Regarding the monocular pre-trained model #3

Closed jiakaa closed 1 month ago

jiakaa commented 1 month ago

If one aims to learn dynamic objects depth, it is necessary for a multi-view depth network to learn the depth of dynamic objects from a monocular network. However, the code suggests that it is best not to train the monocular network simultaneously; it needs to be frozen and requires a pre-trained model. If the pre-trained monocular network is to have good depth for dynamic objects, it needs to be trained with ground truth supervision. Can this work be understood as an indirect semi-supervised training rather than a complete self-supervised training? May I ask , if I do not have a pre-trained monocular model (i.e., not freezing the monocular and turning on “mono_losses”), would the efforts in dynamic objects depth be in vain?

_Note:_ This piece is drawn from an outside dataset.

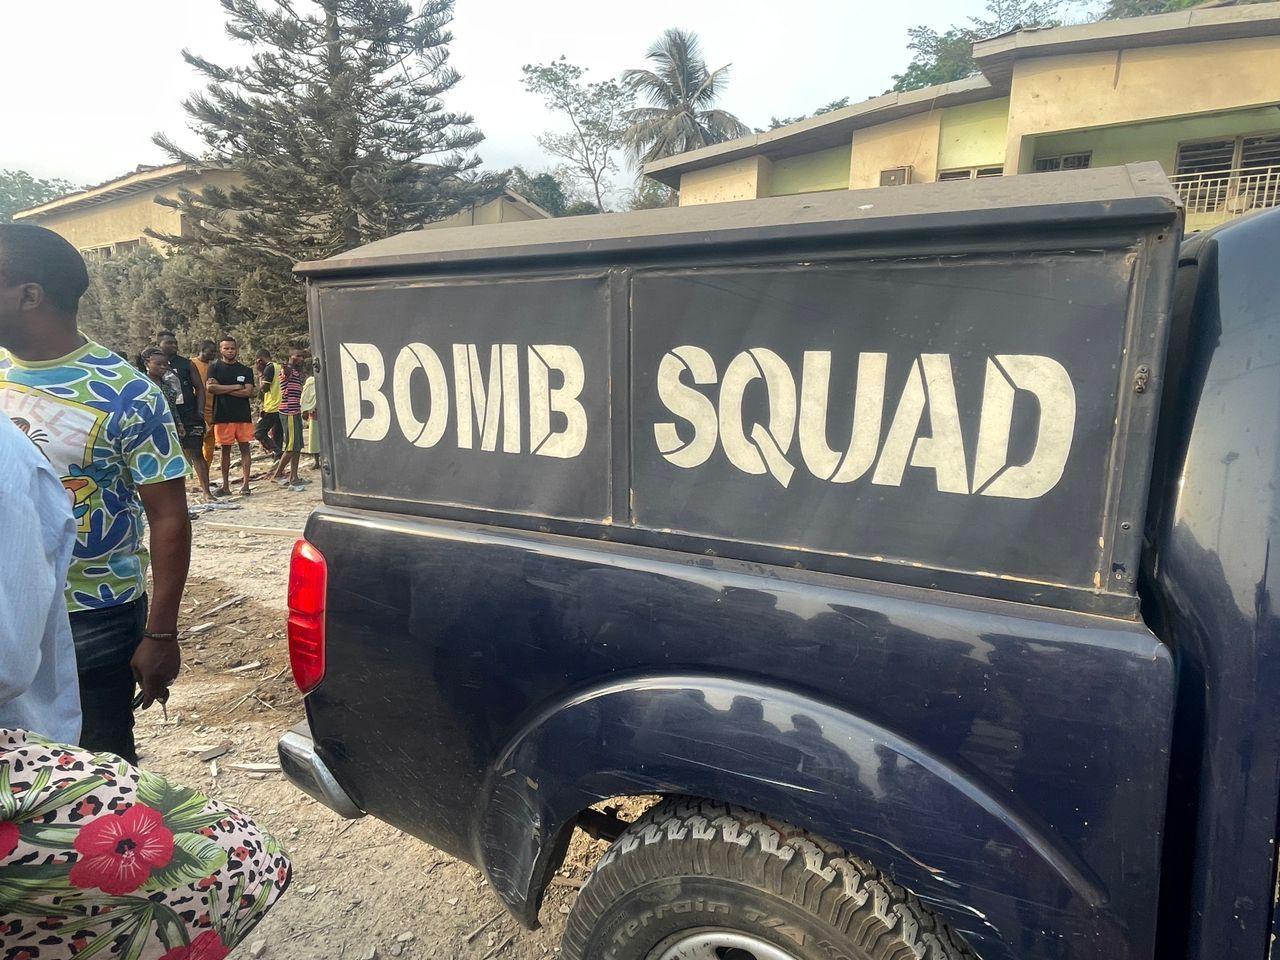 Bomb squad vehicle

Sungmin-Woo commented 1 month ago

Hi @jiakaa, thanks for your interest!

The single-frame network is pretrained using only the given images, without ground-truth supervision. For dynamic objects, the single-frame network without cost volume makes significantly fewer mistakes compared to the multi-frame network, as it avoids misaligned feature matching between frames during cost volume construction. This observation has been noted in several previous methods, which use single-frame depth to compensate for the errors of multi-frame depth in dynamic regions. We recommend reading Section 4.4 of the ManyDepth paper for more details.

However, single-frame depth still involves some errors in non-static pixels, as the optimization of photometric reprojection loss provides incorrect self-supervision loss for moving objects. Existing methods commonly use auto-masking proposed by MonoDepth2 to alleviate this problem, whereas we use an uncertainty-aware loss reweighting, which better excludes potential dynamic regions during training. The single-frame depth learned with these strategies shows relatively correct depth for dynamic objects.

The pretrained single-frame network is provided to facilitate the stable and fast optimization of the multi-frame network. You can train these two networks simultaneously (with modified training hyperparameters) and achieve the same results.

jiakaa commented 1 month ago

Thanks for your explanation, I get it now.